- **TASK GOAL**: Transcribe only part of the material below: the lines from the one containing "Buy Chateau Musset" through the one containing "Fabric phase sorptive", inclusive, exactly as written.

- **DATA UNDER STUDY**:
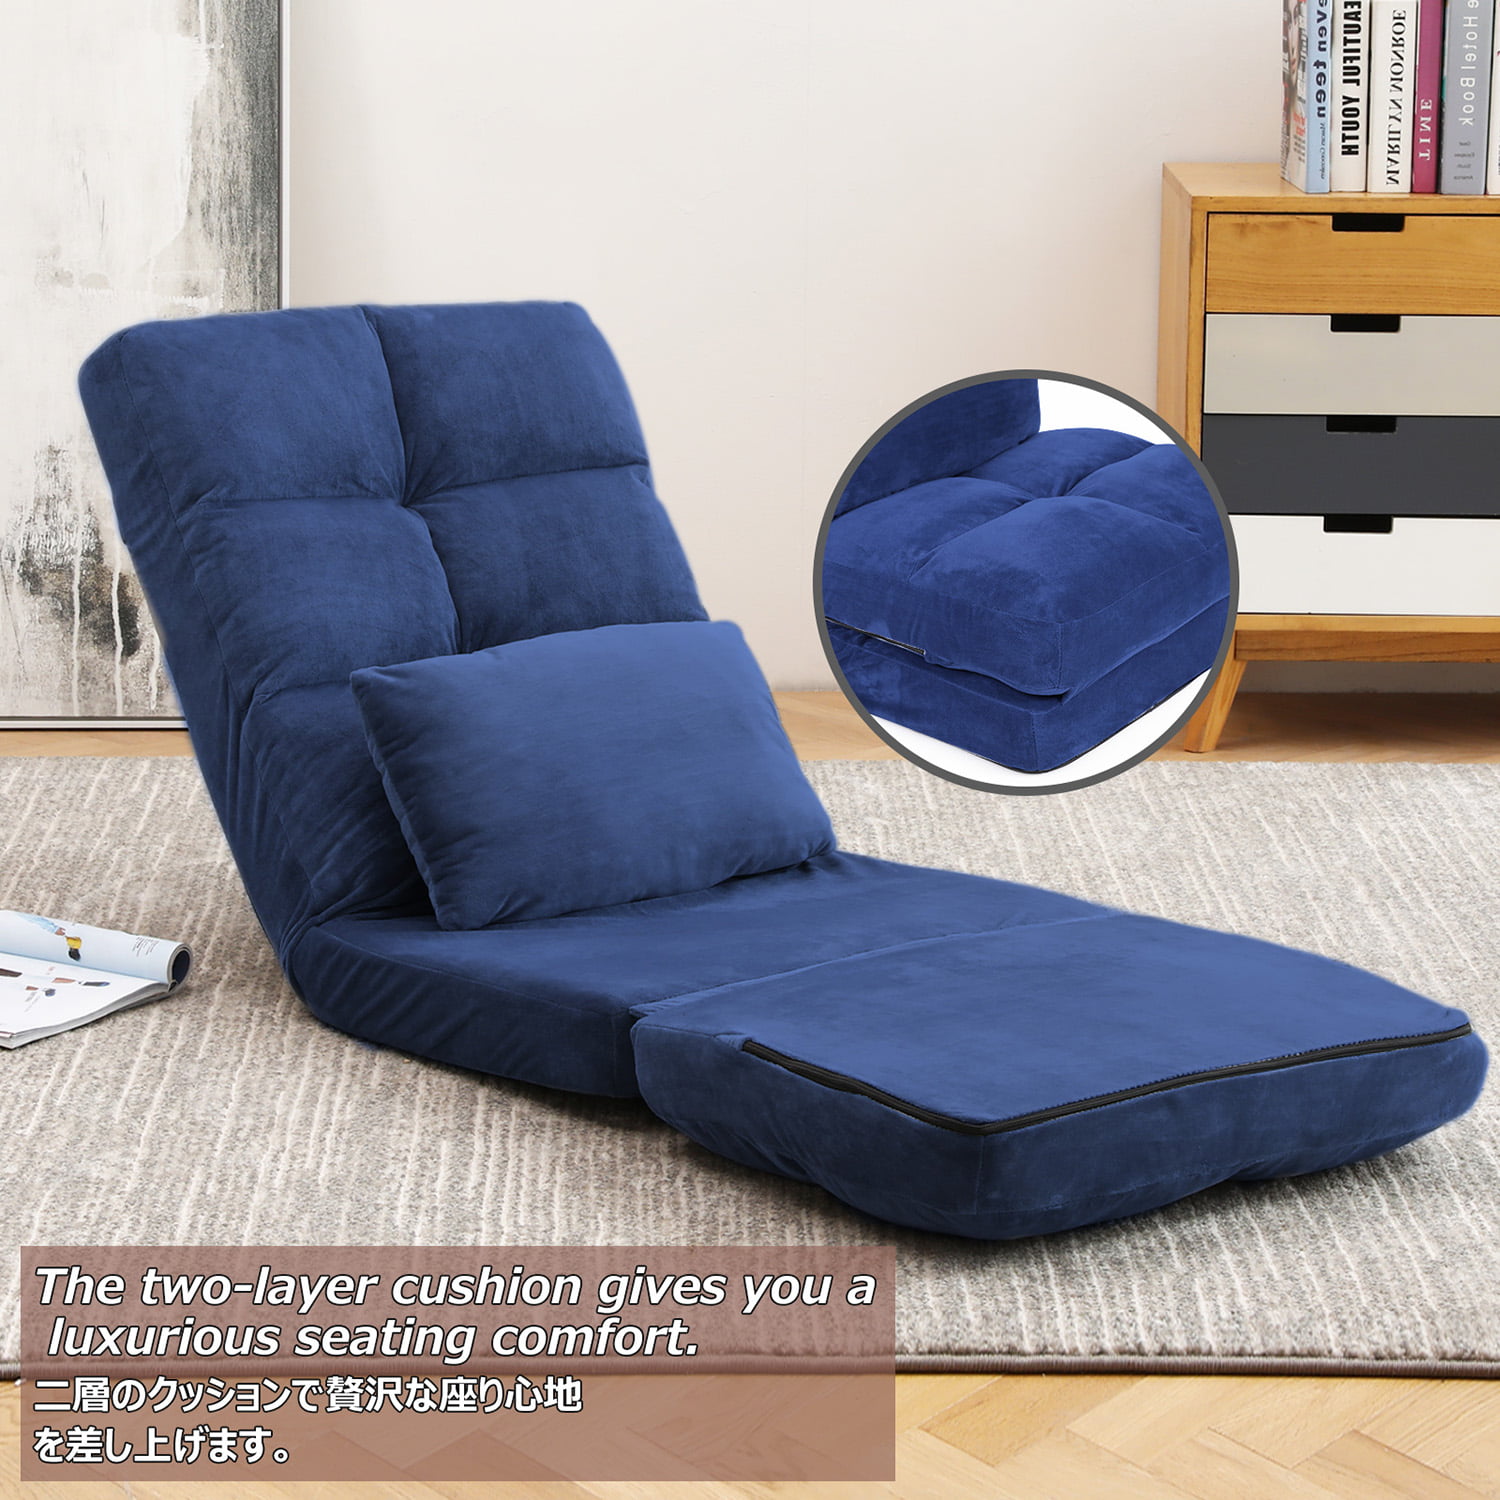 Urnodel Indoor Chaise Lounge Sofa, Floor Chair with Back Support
--
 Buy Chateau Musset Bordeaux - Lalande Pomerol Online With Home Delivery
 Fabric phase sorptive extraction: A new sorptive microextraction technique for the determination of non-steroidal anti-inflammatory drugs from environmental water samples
...
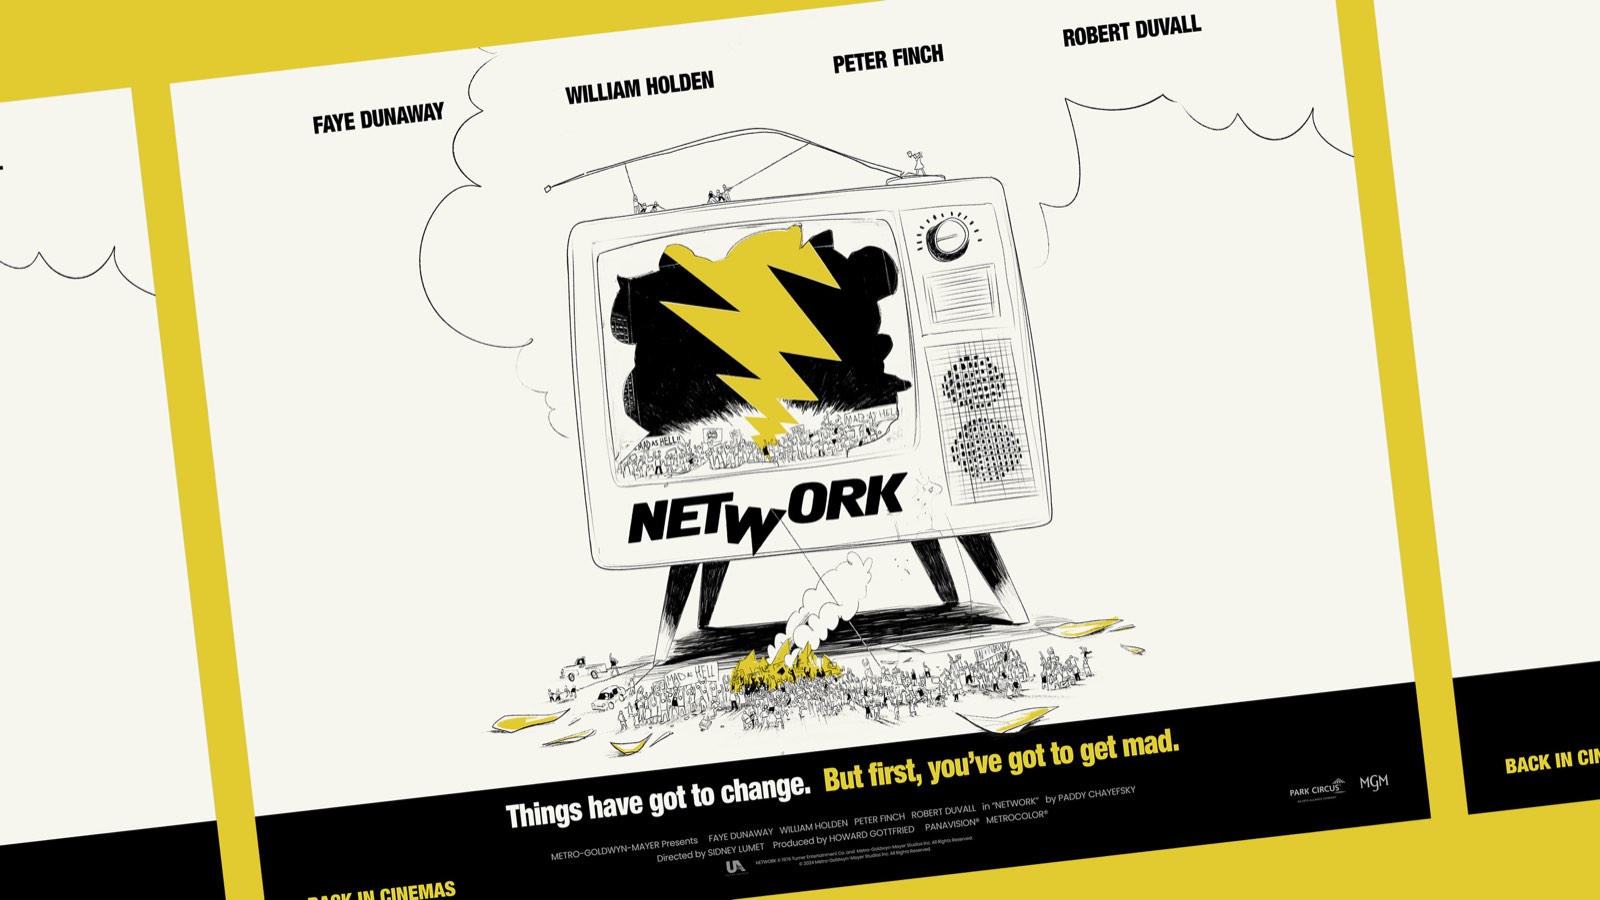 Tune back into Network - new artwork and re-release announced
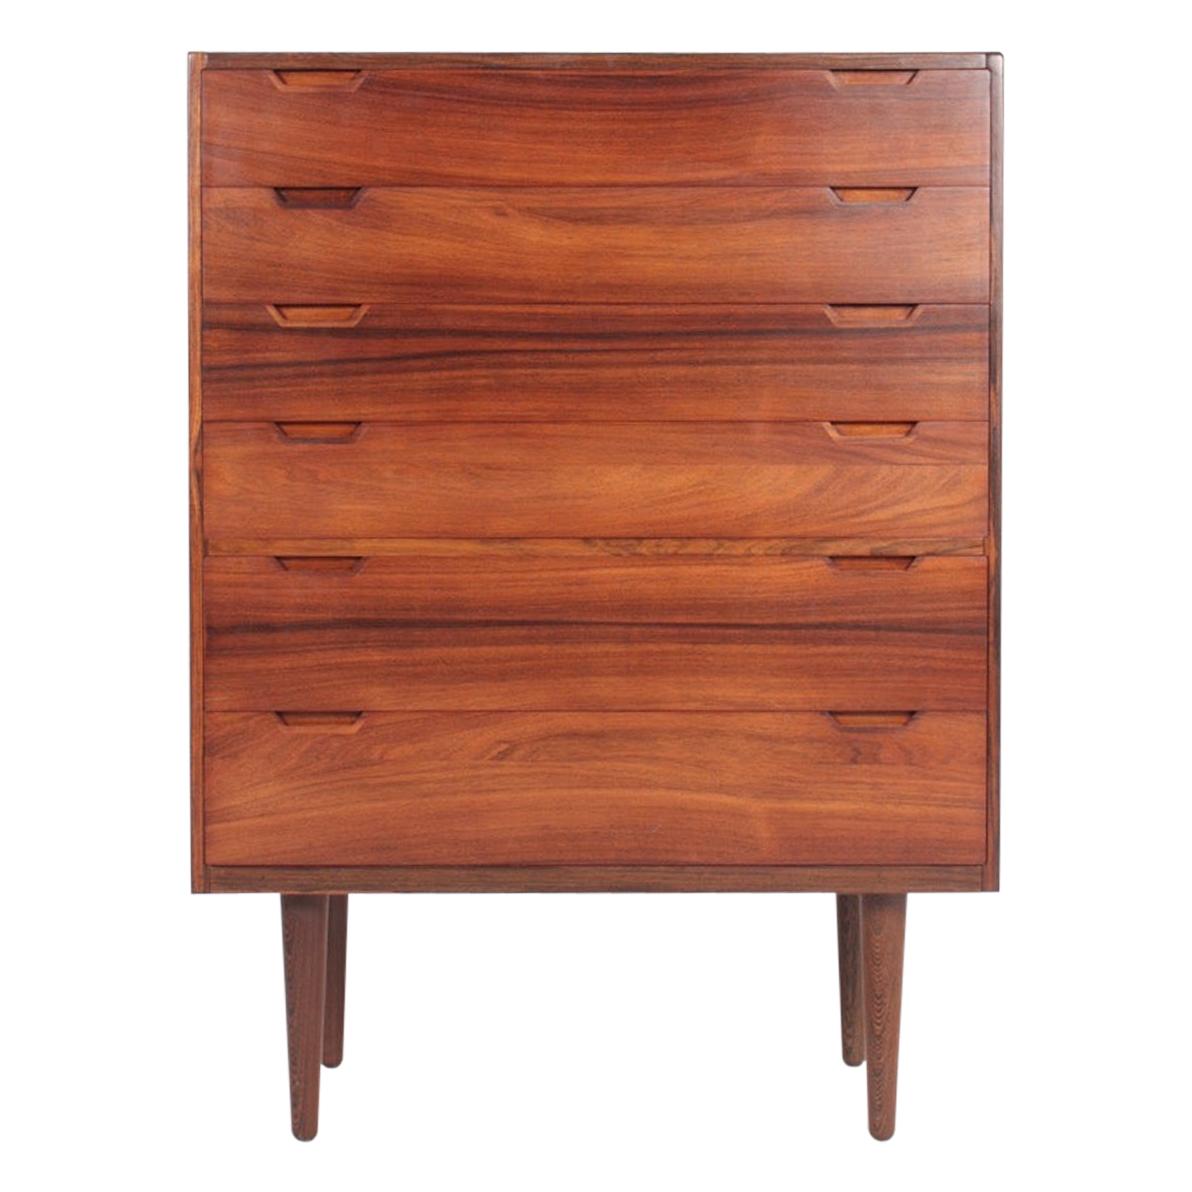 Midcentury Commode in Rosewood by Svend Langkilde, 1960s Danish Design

- **ANSWER TO THIS EXERCISE**:
 Buy Chateau Musset Bordeaux - Lalande Pomerol Online With Home Delivery
 Fabric phase sorptive extraction: A new sorptive microextraction technique for the determination of non-steroidal anti-inflammatory drugs from environmental water samples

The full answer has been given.